WHAT THIS TASK INVOLVES
Return verbatim the lines that run from the one holding "Unique Twisted Bar" to the end of the listing, both ends included, without the pictures.

DATA SHOWN below:

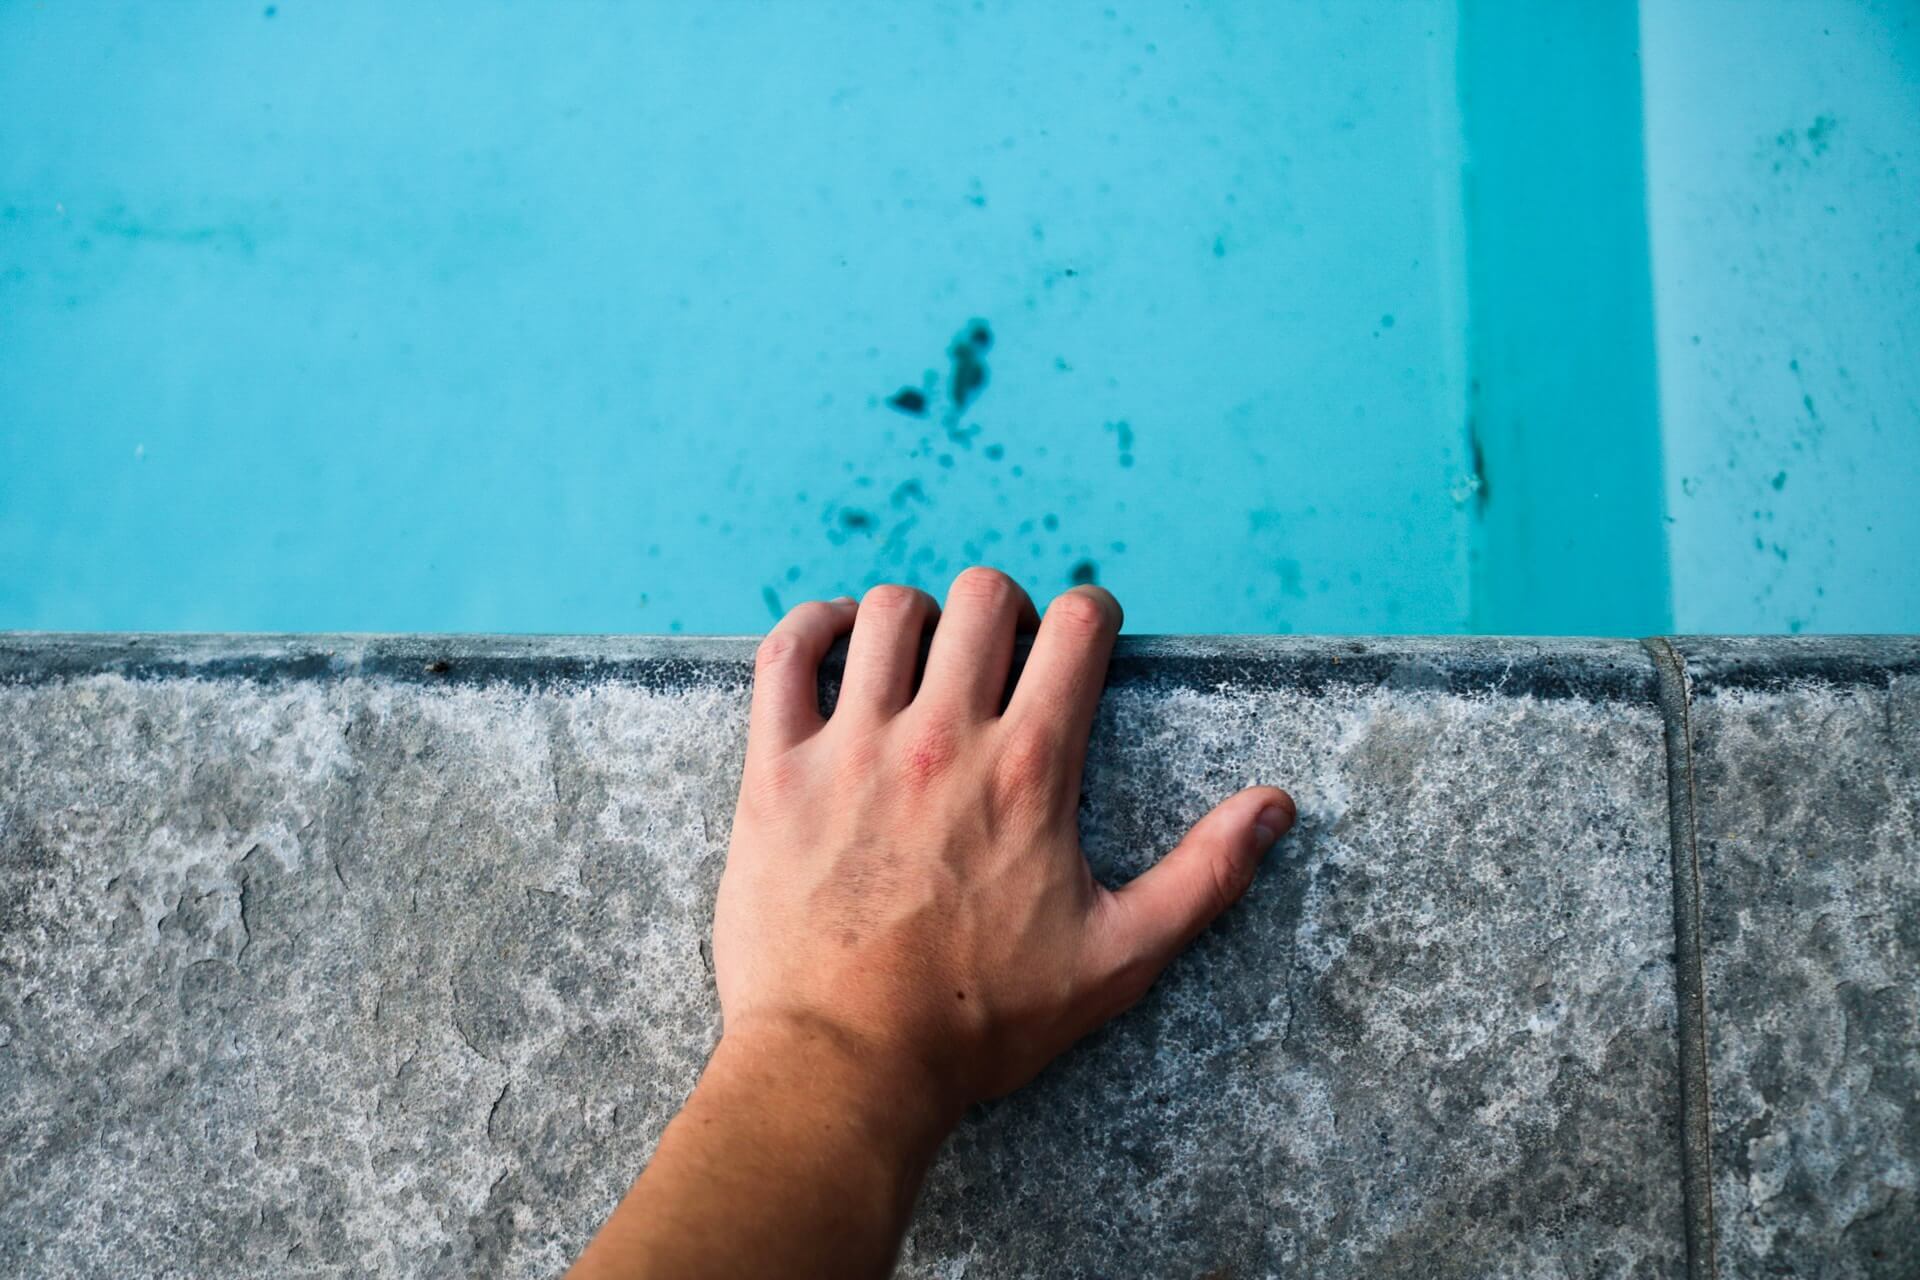 How to Get Dirt Out of Pool Without A Vacuum
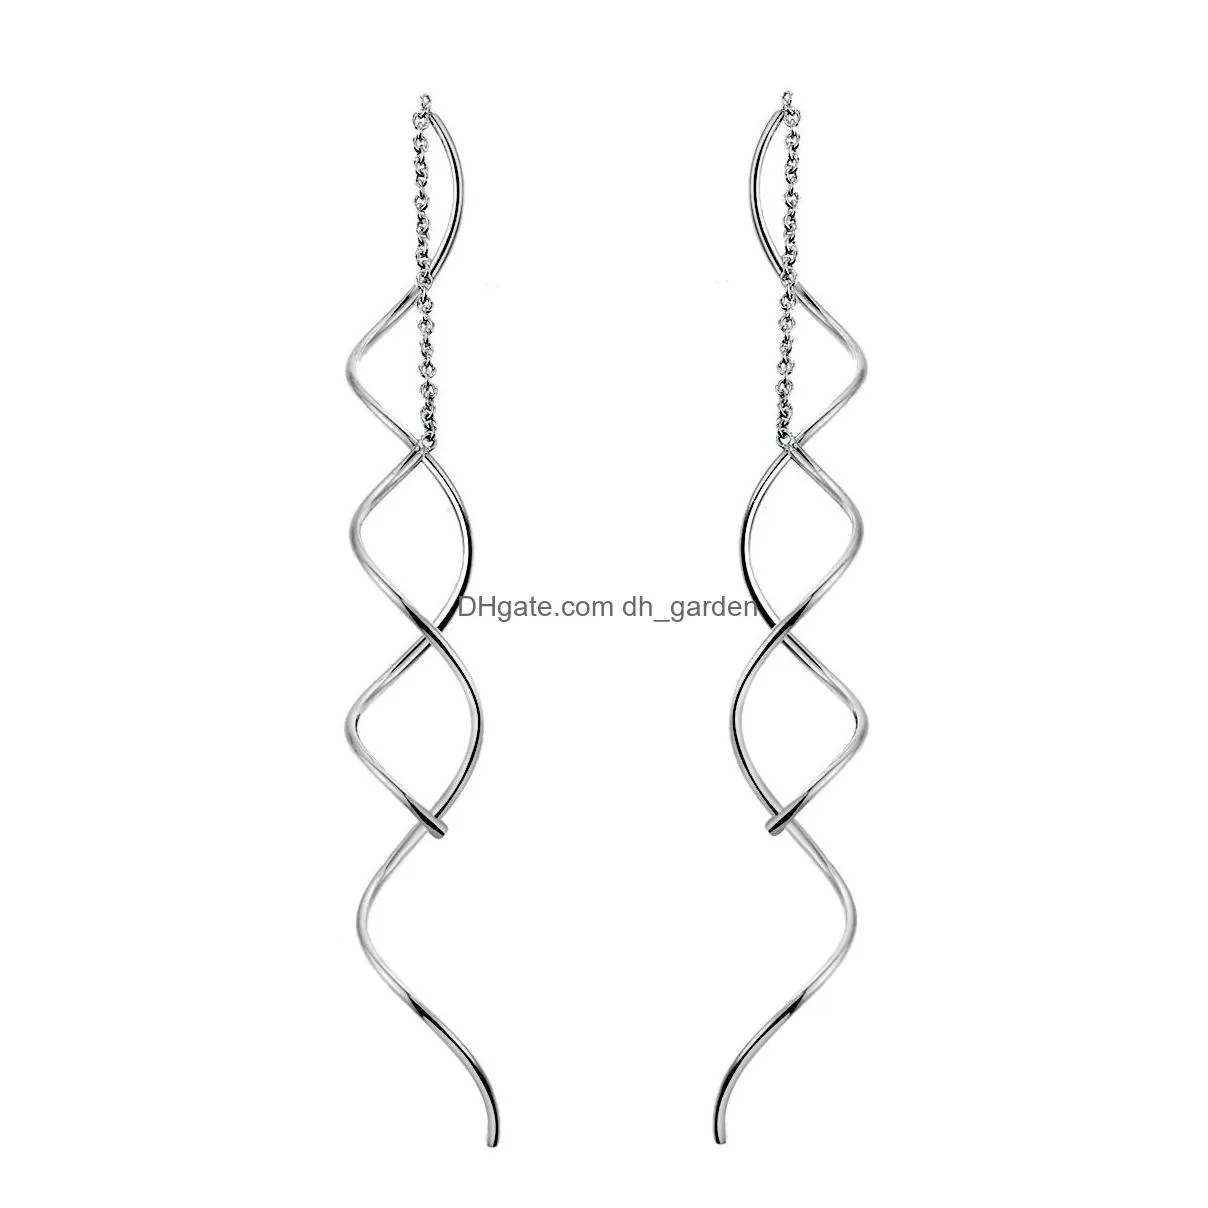 Unique Twisted Bar Long Line Chain Earrings white/Rose Gold Color Fashion Drop/Dangle Earring Jewelry Ear Cuff For Women DFE243
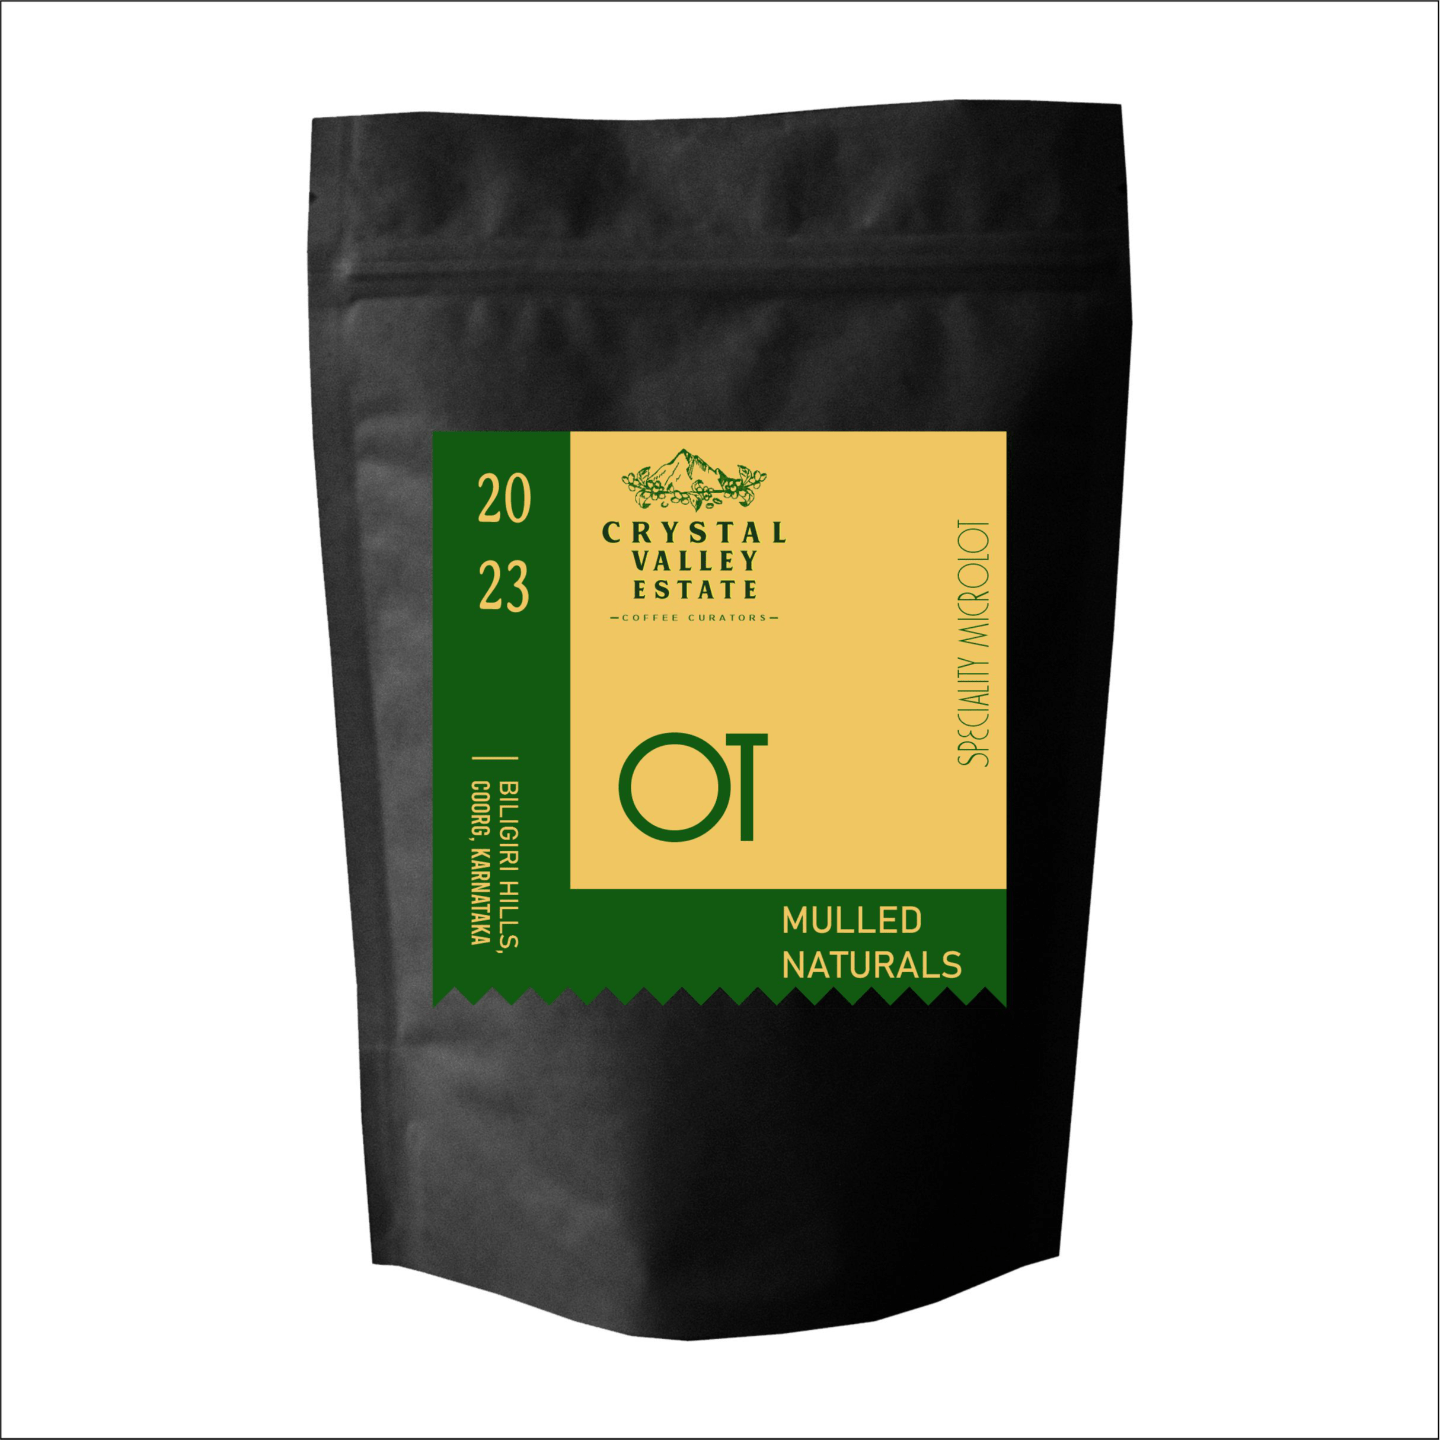 CRYSTAL VALLEY - OT  - Mulled Naturals  - 250 gms

End of DATA SHOWN.

TASK SOLUTION
 Unique Twisted Bar Long Line Chain Earrings white/Rose Gold Color Fashion Drop/Dangle Earring Jewelry Ear Cuff For Women DFE243
 CRYSTAL VALLEY - OT  - Mulled Naturals  - 250 gms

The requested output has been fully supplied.